Details of the randomisation method will be recorded according to the classification used in RevMan and suggested by the Cochrane Handbook (Clarke 2003). Duration of the study and follow up time, type of blinding used and methods employed to avoid attrition bias will be retrieved.

  • participants

Data with regards to patient numbers in relation to power calculations, age, gender distribution, severity of illness and attempts at patient stratification using severity scoring systems such as APACHE II and POSSUM will be recorded.

  • interventions

Details of blinding, type, length, dose and timing of antibiotics administration will be noted. Length of antibiotic administration will be documented as mean and standard deviation.

  • outcome measures and results

Primary outcome measures ‐ in terms of mortality rate and interventional success. Interventional success will be documented as either clinical or bacteriological success.

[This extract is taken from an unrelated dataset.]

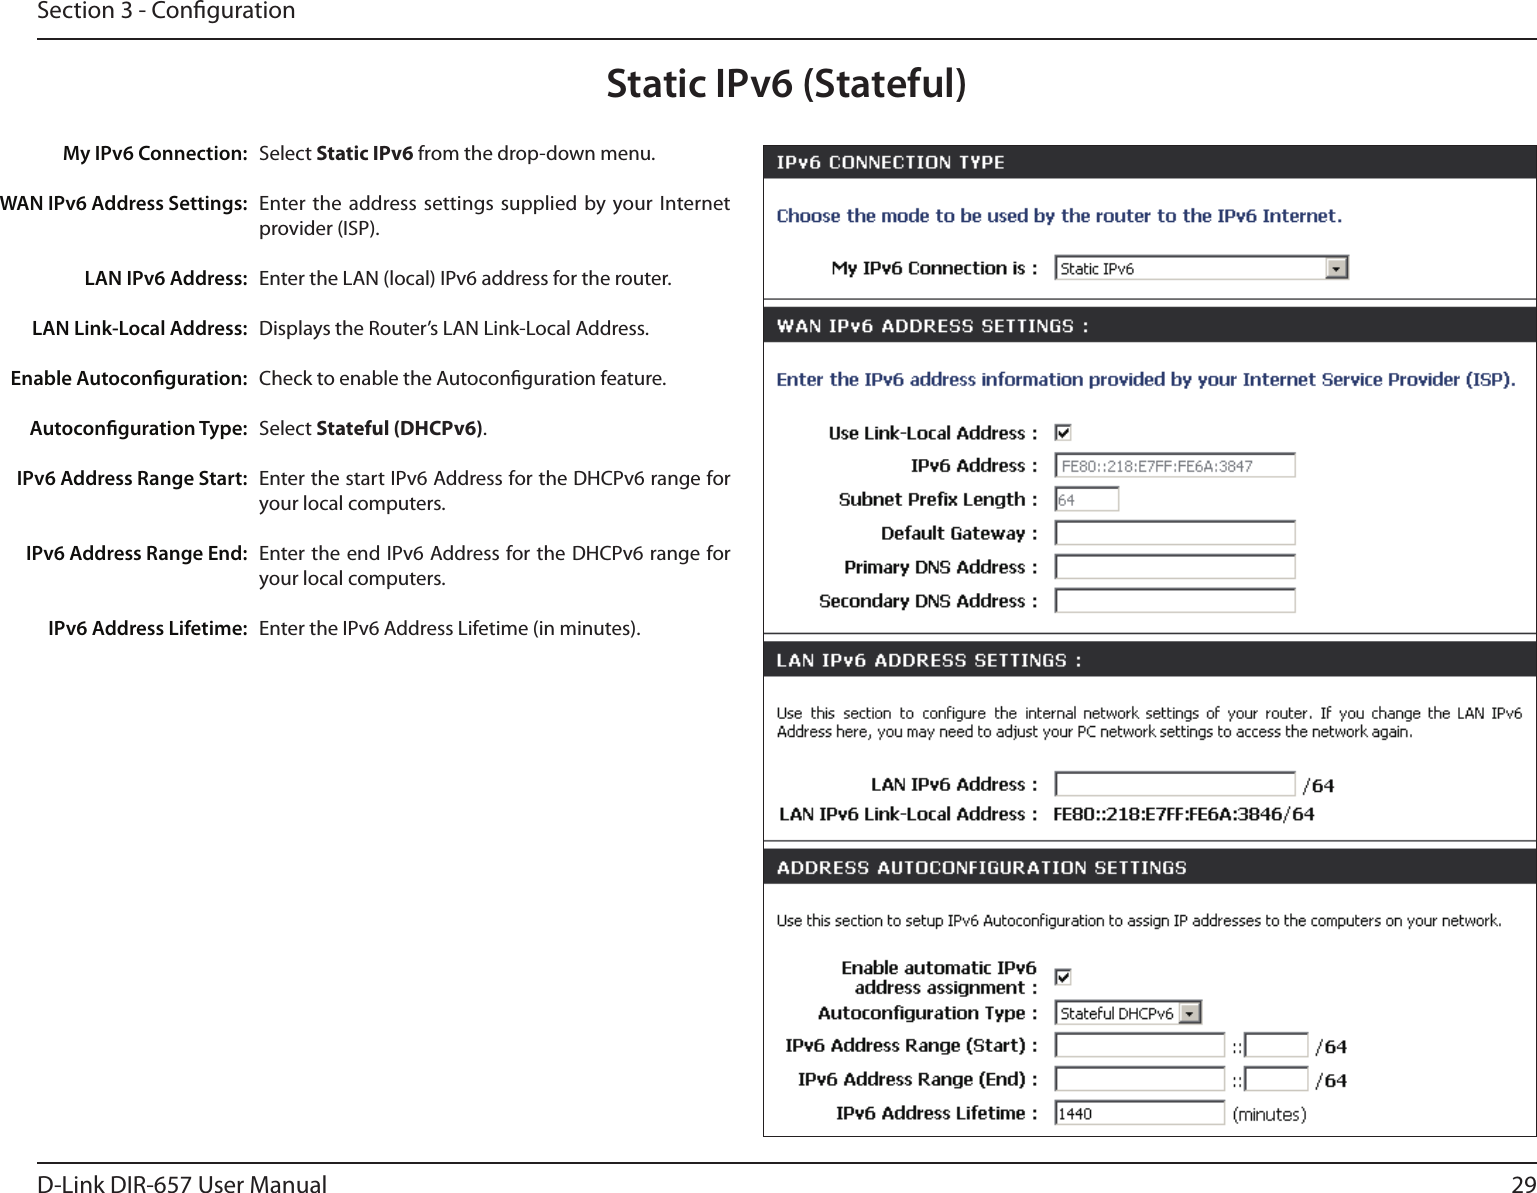 29D-Link DIR-657 User ManualSection 3 - CongurationStatic IPv6 (Stateful)Select Static IPv6 from the drop-down menu.Enter the  address settings supplied  by your Internet provider (ISP). Enter the LAN (local) IPv6 address for the router. Displays the Router’s LAN Link-Local Address.Check to enable the Autoconguration feature.Select Stateful (DHCPv6).Enter the start IPv6 Address for the DHCPv6 range for your local computers.Enter the end IPv6 Address for the  DHCPv6 range for your local computers.Enter the IPv6 Address Lifetime (in minutes).My IPv6 Connection:WAN IPv6 Address Settings:LAN IPv6 Address:LAN Link-Local Address:Enable Autoconguration:Autoconguration Type:IPv6 Address Range Start:IPv6 Address Range End:IPv6 Address Lifetime:

Failure rate will be quantified either as re‐operation or change of antibiotic regimen.
Secondary outcome measures ‐ such as wound and super‐ infection, adverse events and length of hospital stay.

Synthesis of data
The data collected will be analysed using intention‐to‐treat analysis. The statistical package (MetaView of RevMan) provided by the Cochrane Collaboration will be used. For dichotomous outcome (death or survival), the impact of the intervention will be expressed as odds ratio together with 95% confidence intervals. Continuous outcomes will be compared using weighted mean difference. The following data will be extracted to perform subgroup analysis:

  • APACHE II / POSSUM score.

  • duration of antibiotic administration.

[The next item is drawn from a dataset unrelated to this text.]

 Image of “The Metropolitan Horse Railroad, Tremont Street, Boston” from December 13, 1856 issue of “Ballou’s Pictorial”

  • aetiology of secondary peritonitis.

  • toxicity / side‐effects.

Antimicrobial regimens will be grouped according to their molecular class. Each arm of each controlled study refers to a specific regimen / dosage pattern. All studies where the antibiotics under comparison are assigned to the same set of regimen / dosage pattern will be pooled.

Tables of comparison will include the following outcomes:
Primary aims:
1) Death for any cause.
2) Success / failure rate (in terms of re‐operation and change of antibiotics).

Secondary aims:
1) Postoperative wound infections (discharge of pus or necessity for additional interventions).
2) Postoperative intra‐abdominal infection (clinical or imaging studies).
3) Bacterial eradication (comparison of intra‐ and post‐operative cultures).
4) Adverse drug effects (this will be divided into minor symptoms such as rashes, and abnormal blood results; moderate symptoms and severe symptoms such as renal failure, deafness).

Potential effects of publication bias on the results of the meta‐analysis will be assessed from a funnel graph of the sample size plotted against the odds ratio. Heterogeneity in the results of the trials will be assessed using a Chi‐square test of heterogeneity (p<0.1). Data will be pooled using the random effects model.

In addition, multivariate regression models will be calculated.

Cost‐effectiveness
Where possible, cost effectiveness of each regimen will be appraised, for example, by examination of frequency of administration of antibiotics.